The scale of Europe’s U.S. asset holdings amplifies the potential impact of a sell America scenario. According to the U.S. Treasury, European Union investors hold more than 10 trillion dollars in U.S. assets, with public-sector entities such as central banks accounting for an estimated 2.34 trillion dollars. Even a partial release of these public-sector holdings could trigger sharp rises in U.S. interest rates and severe market volatility. The Guardian observed that for Europe, weaponizing capital rather than trade would likely have a far more destructive impact on markets.
Still, some argue that such scenarios are unlikely to fully materialize. Bloomberg quoted ING chief economist Carsten Brzeski as saying that most European-held U.S. Treasuries are owned by private investors, making it difficult for governments or the European Union to orchestrate coordinated sales. Unlike China, European authorities have limited ability to direct private capital for political purposes. U.S. Treasury Secretary Scott Bessent also dismissed the idea at the Davos Forum, calling claims that Europe would abandon Treasuries an illogical narrative.

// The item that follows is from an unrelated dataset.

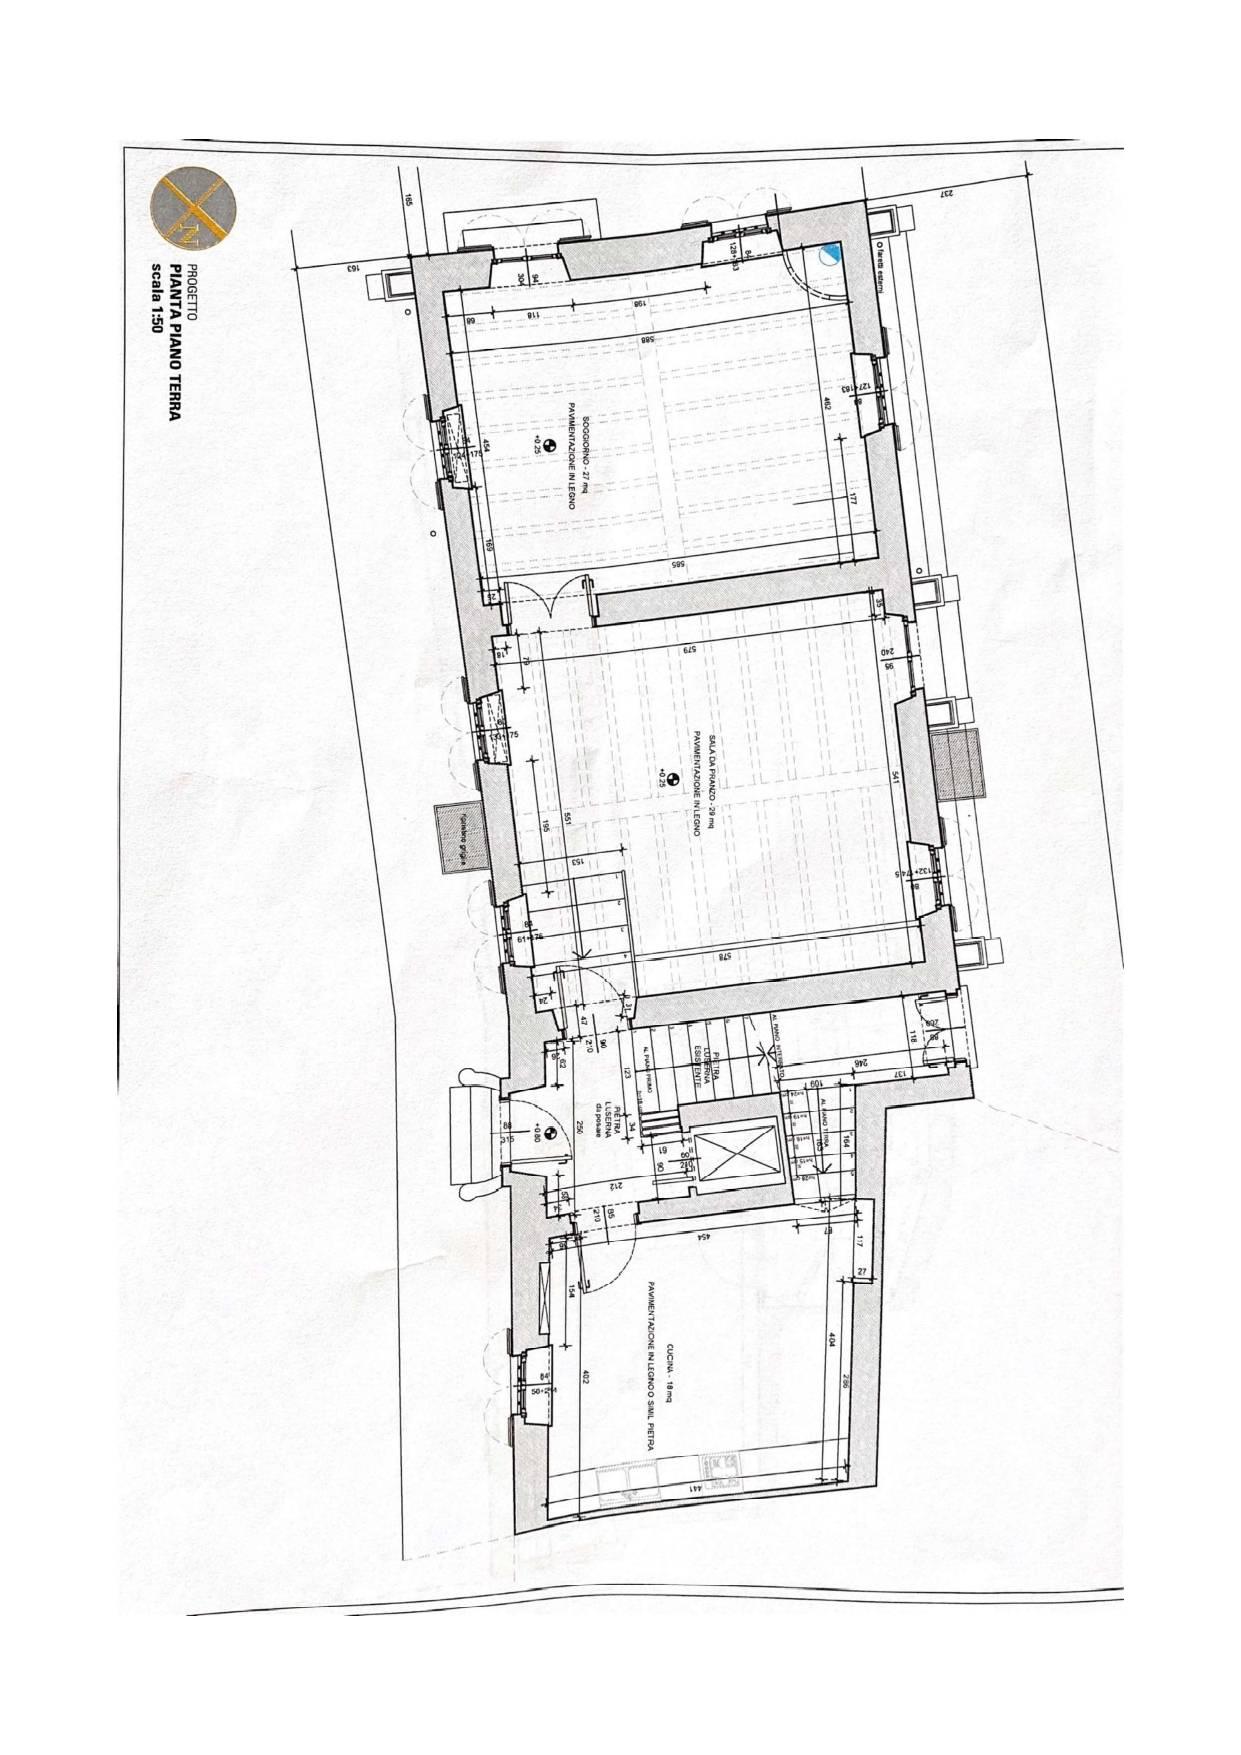 Casa indipendente in Vendita a Torino: 5 locali, 400 mq - Foto 21

Military preparedness steps up
Emergency discussions within Europe are increasingly extending beyond finance into security. On the same day, Greenland Prime Minister Jens-Frederik Nielsen said at a press conference in Nuuk that while a military clash with the United States was unlikely, worst-case scenarios must still be considered. He announced plans to form a dedicated task force involving local authorities and to issue guidance urging households to stockpile five days’ worth of food. The remarks drew attention as they marked a shift from government-level contingency planning to explicit references to civilian preparedness.

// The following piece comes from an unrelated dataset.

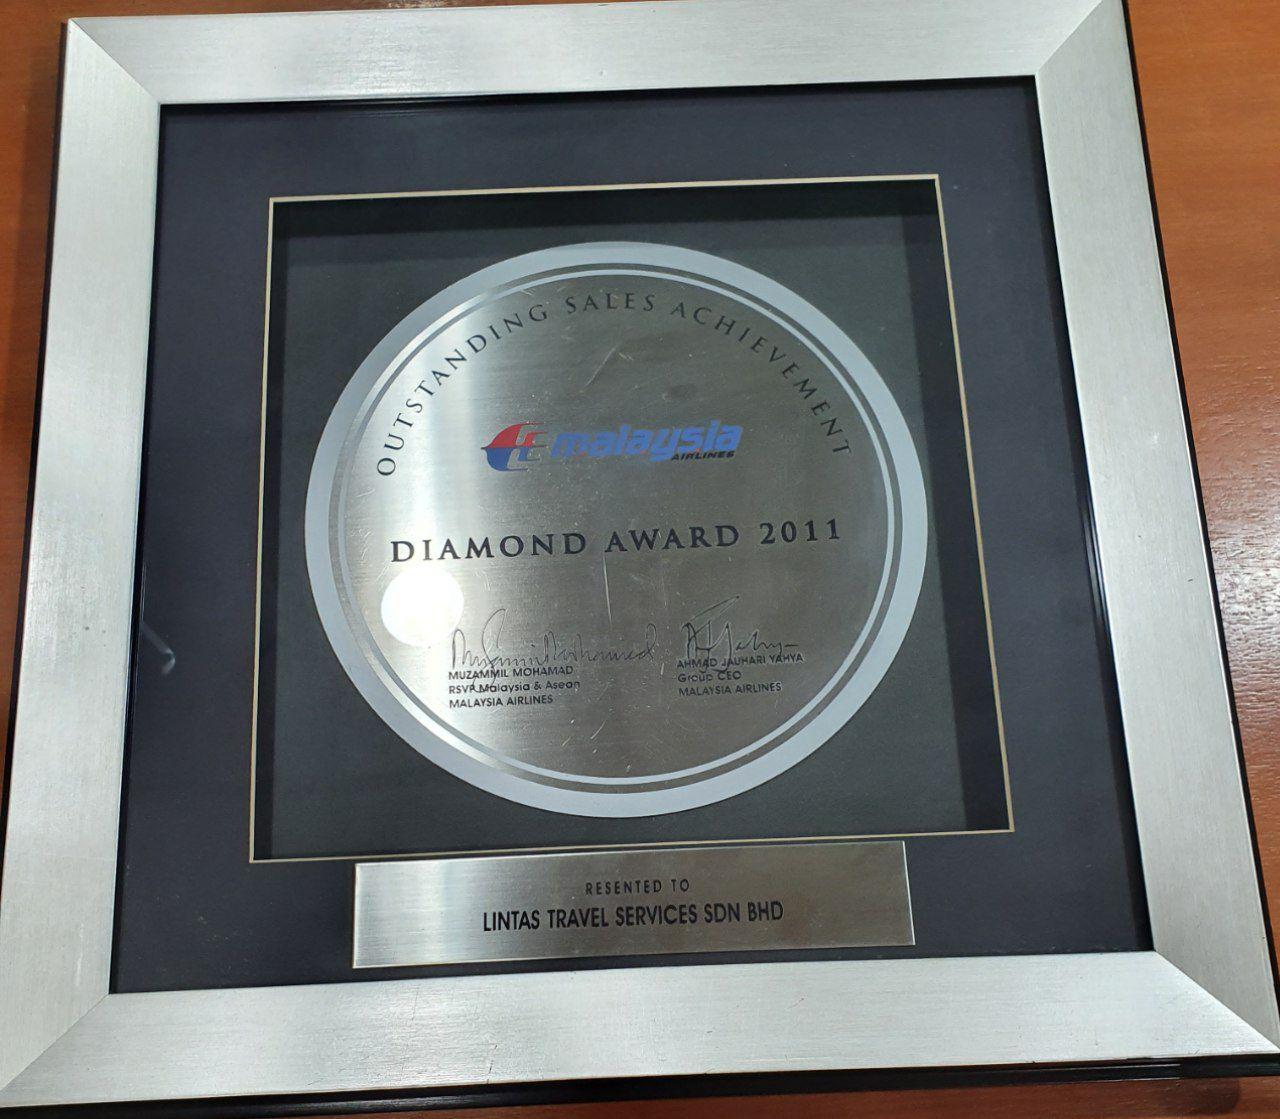 Malaysia Airlines Diamond Award

Greenland’s Finance Minister Múte Egede also warned that the territory was under immense pressure and must be ready for all scenarios. The New York Times commented that Nordic countries, once focused on deterring Russia, now find themselves reassessing the United States as a potential security concern. Although Nordic states had prepared for armed conflict since the early 2020s, previous measures remained largely at the guideline level and were aimed primarily at Russia. The change in perceived threats is now expected to translate into more concrete institutional responses.

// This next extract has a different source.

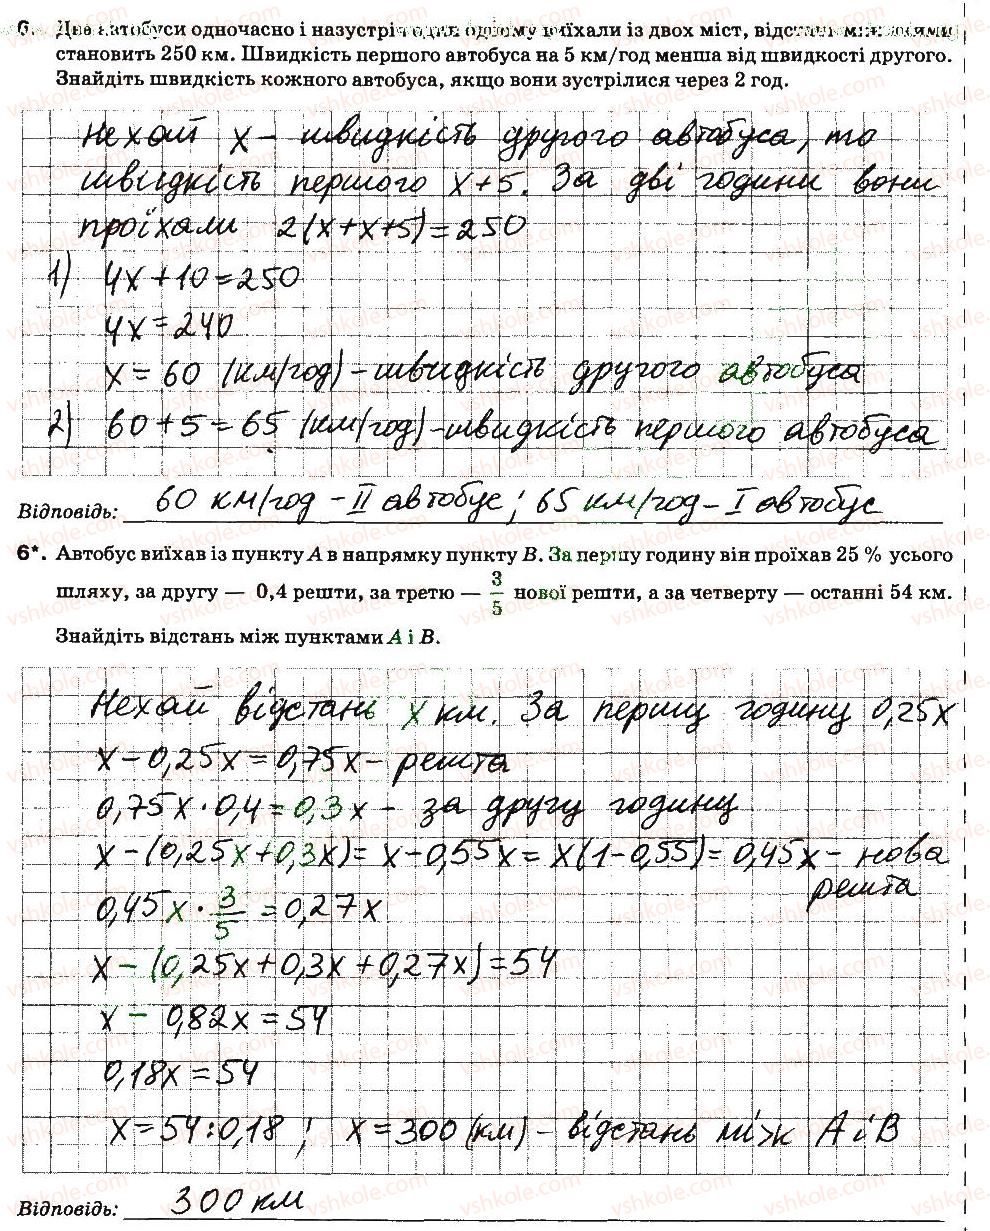 6-matematika-na-tarasenkova-im-bogatirova-om-kolomiyets-zo-serdyuk-2014-zoshit--tematichni-kontrolni-roboti-kontrolna-robota-9-В2-rnd7512.jpg

Military measures are already moving into the operational phase. Denmark has deployed 100 troops to western Greenland to strengthen defenses and, together with seven NATO members, is conducting Arctic Endurance exercises focused on Greenland’s defense. The operation, involving Denmark, the United Kingdom, France, Germany, and others, had progressed slowly in the latter half of last year but was accelerated and intensified after President Trump openly expressed intentions regarding Greenland.
Canada has also joined these efforts, expanding the scope across the North Atlantic. On the 19th, Canadian broadcaster CBC reported that contingency plans submitted to the federal government included the option of deploying a small number of troops to Greenland. Canadian Prime Minister Mark Carney indicated support for Denmark-led military operations, stating that Greenland’s future should be decided by Greenland and Denmark. On the same day, Canada announced plans to send NORAD military aircraft to Greenland’s Pituffik base to strengthen defense cooperation.